- **EXTRACTED ENTRIES**:
•••••

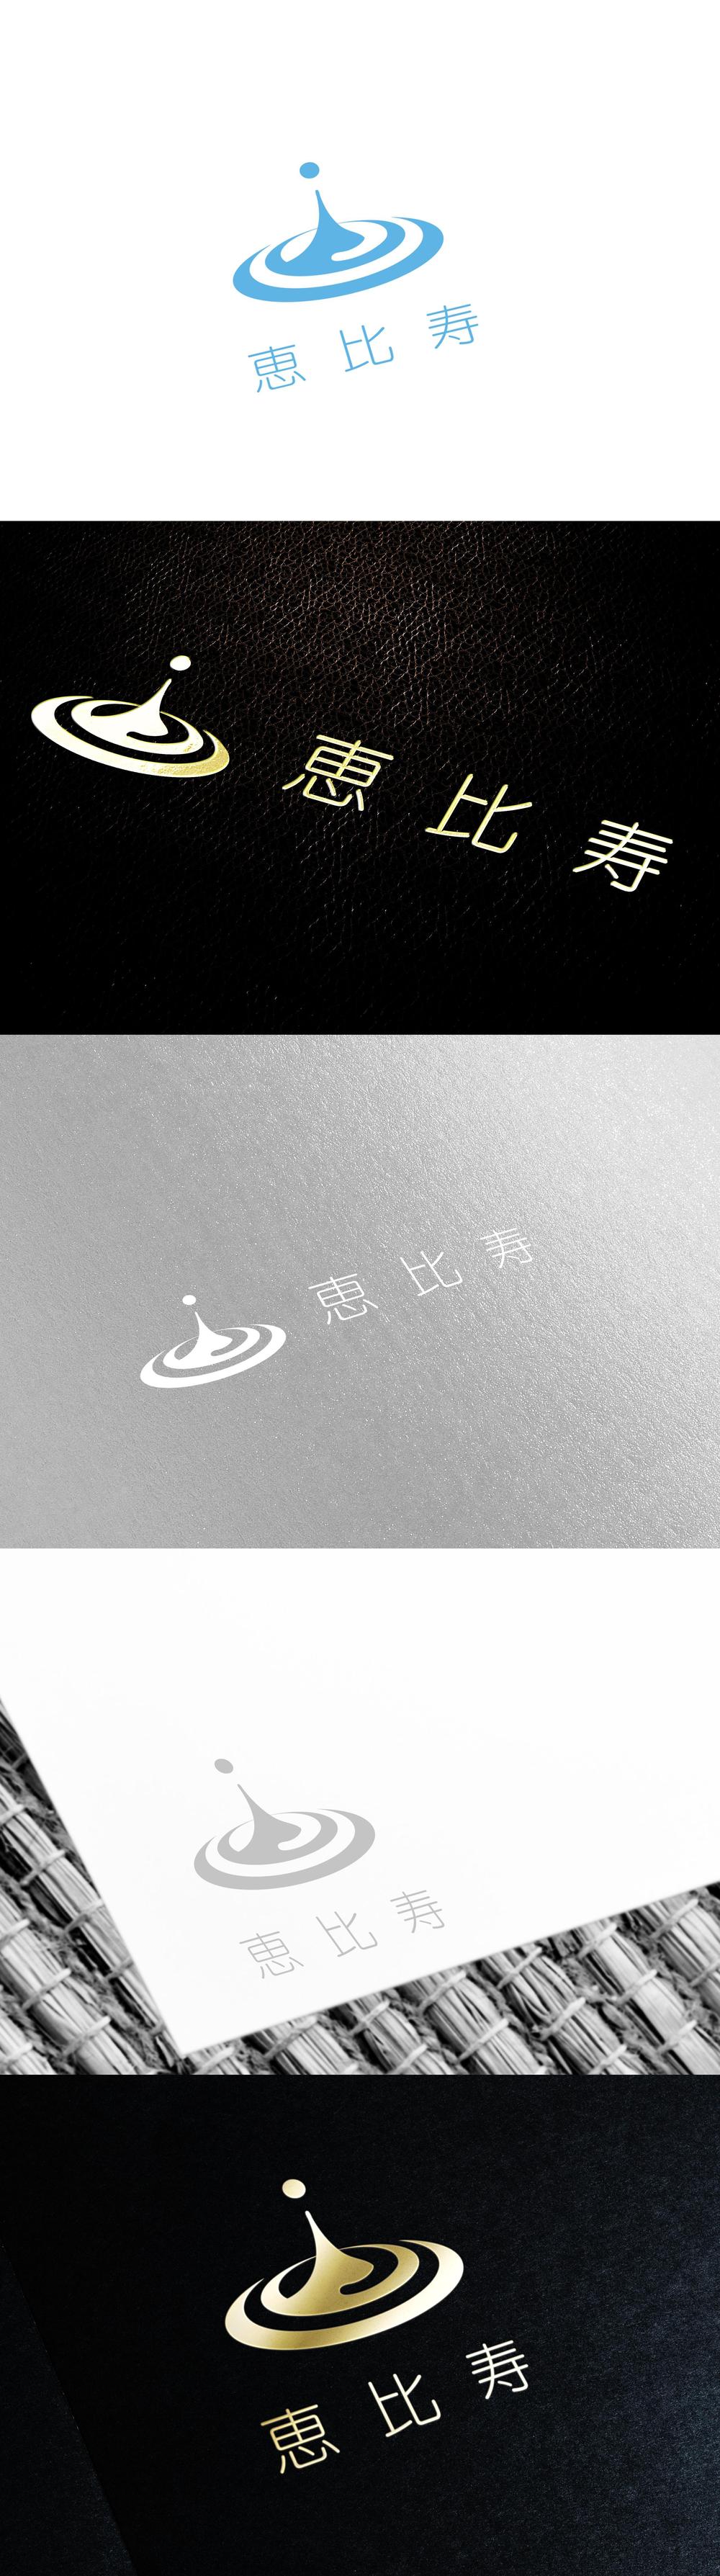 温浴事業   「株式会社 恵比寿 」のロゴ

•••••

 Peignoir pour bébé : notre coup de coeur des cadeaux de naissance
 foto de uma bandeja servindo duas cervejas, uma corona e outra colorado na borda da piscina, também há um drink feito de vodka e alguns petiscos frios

•••••

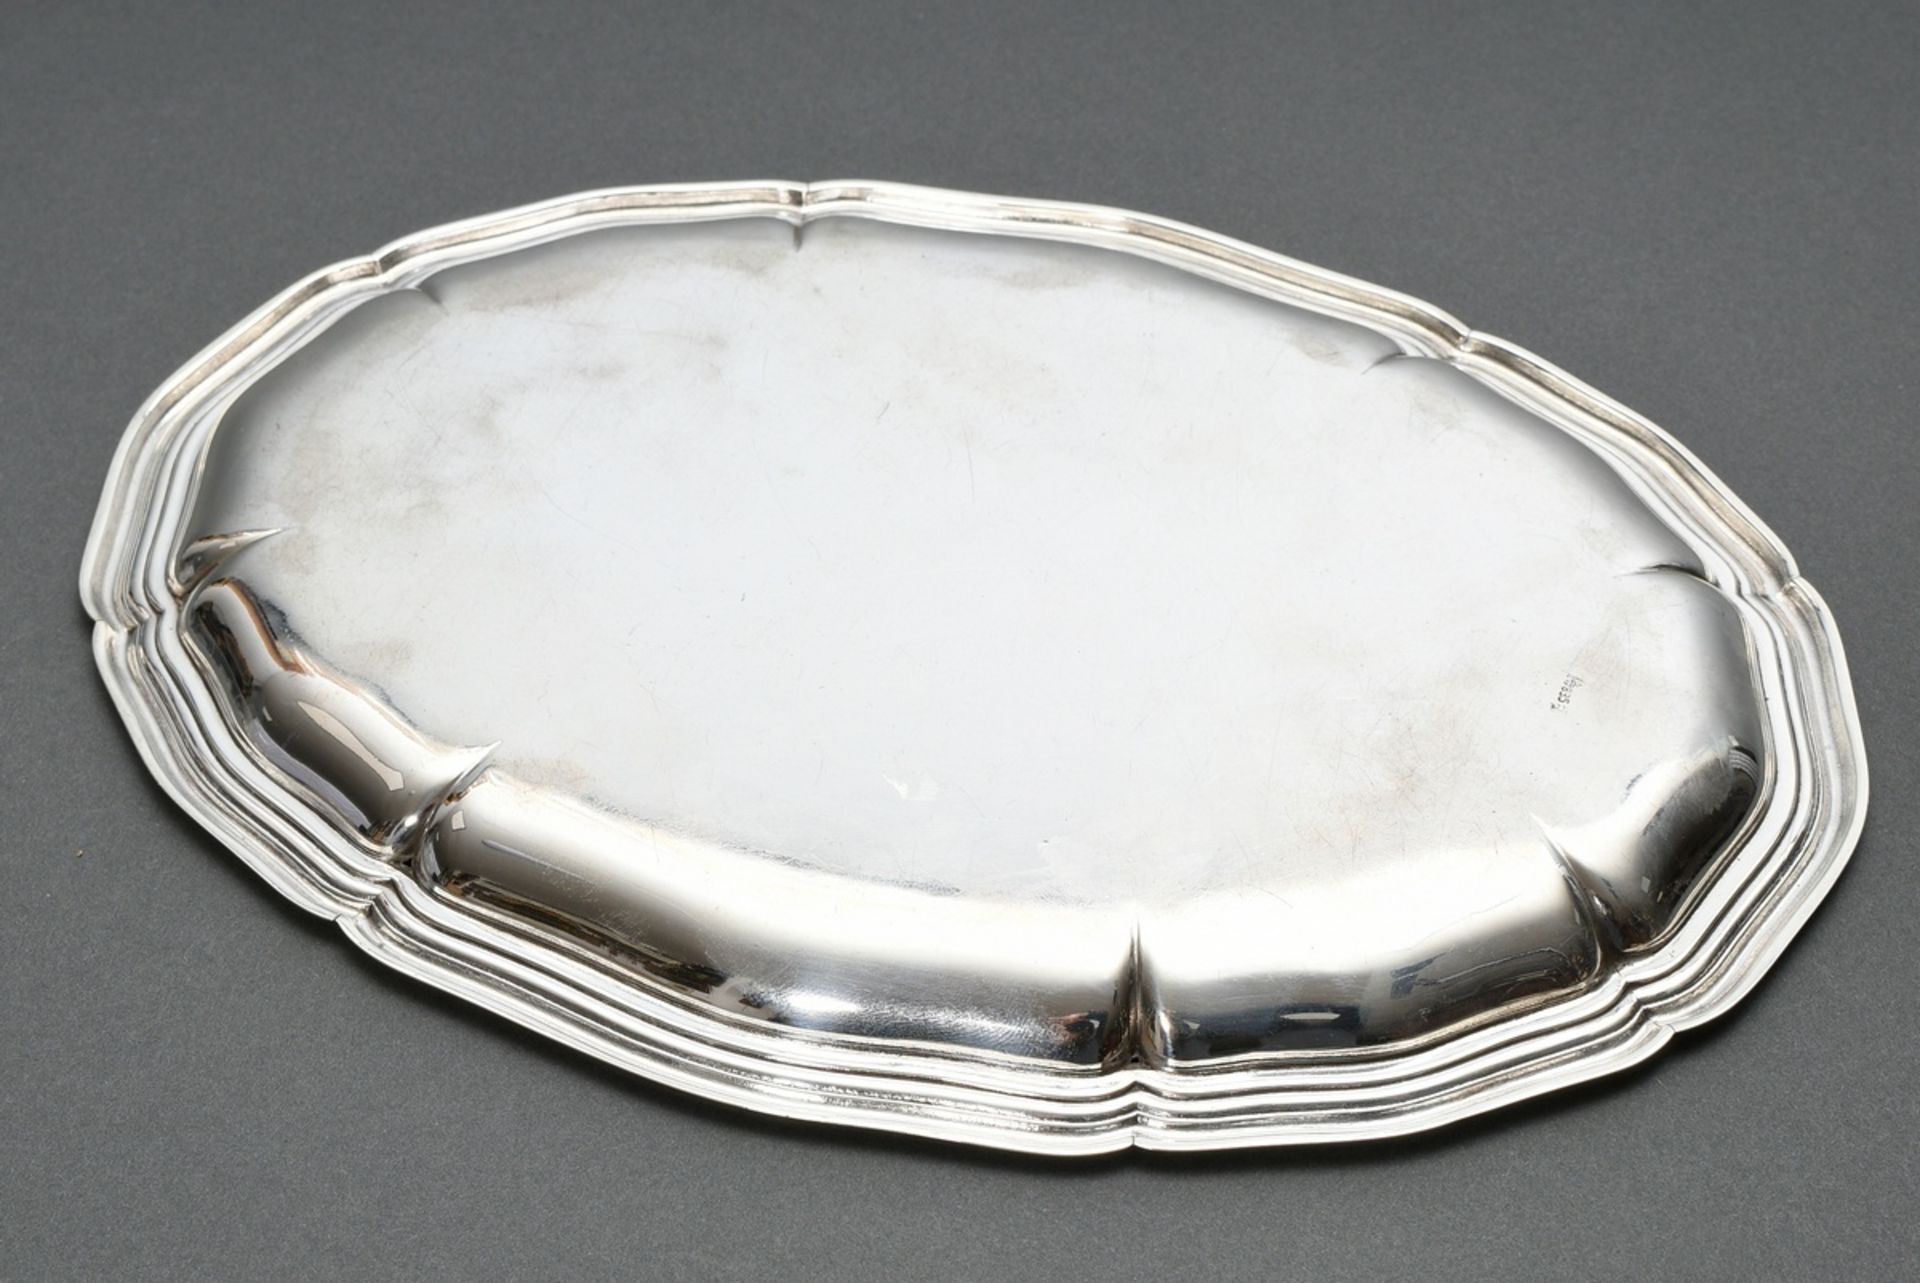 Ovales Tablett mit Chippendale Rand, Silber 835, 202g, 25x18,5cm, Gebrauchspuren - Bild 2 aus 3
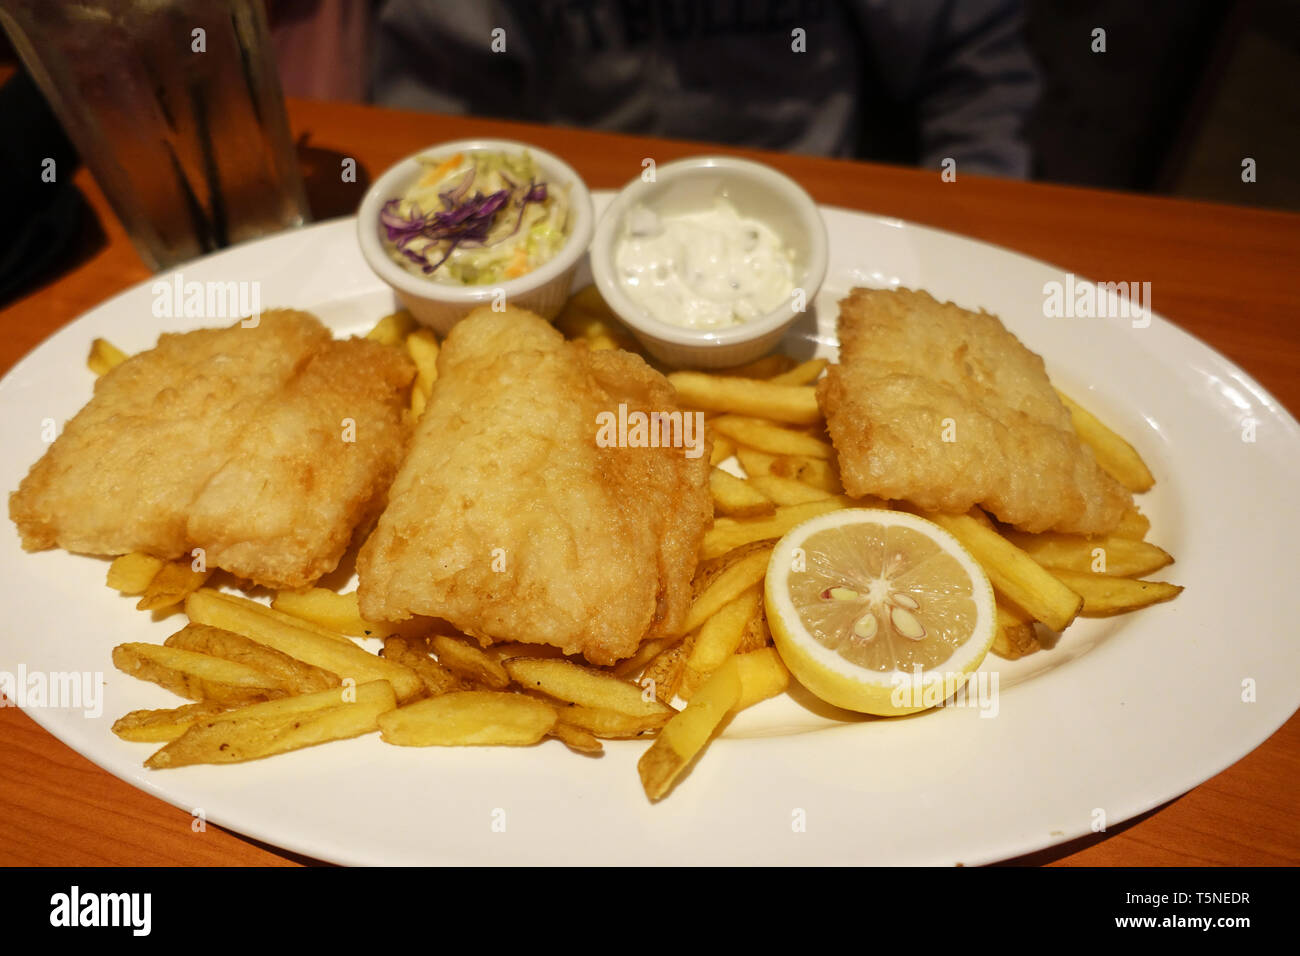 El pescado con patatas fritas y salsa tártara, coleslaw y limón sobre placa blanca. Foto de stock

•••••

Print, exactly and with no pictures, the lines of the listing above starting at the one that has "Ovales Tablett mit" and ending at the one that has "El pescado con", both included.

- **ANSWER SPACE**:
 Ovales Tablett mit Chippendale Rand, Silber 835, 202g, 25x18,5cm, Gebrauchspuren - Bild 2 aus 3
 El pescado con patatas fritas y salsa tártara, coleslaw y limón sobre placa blanca. Foto de stock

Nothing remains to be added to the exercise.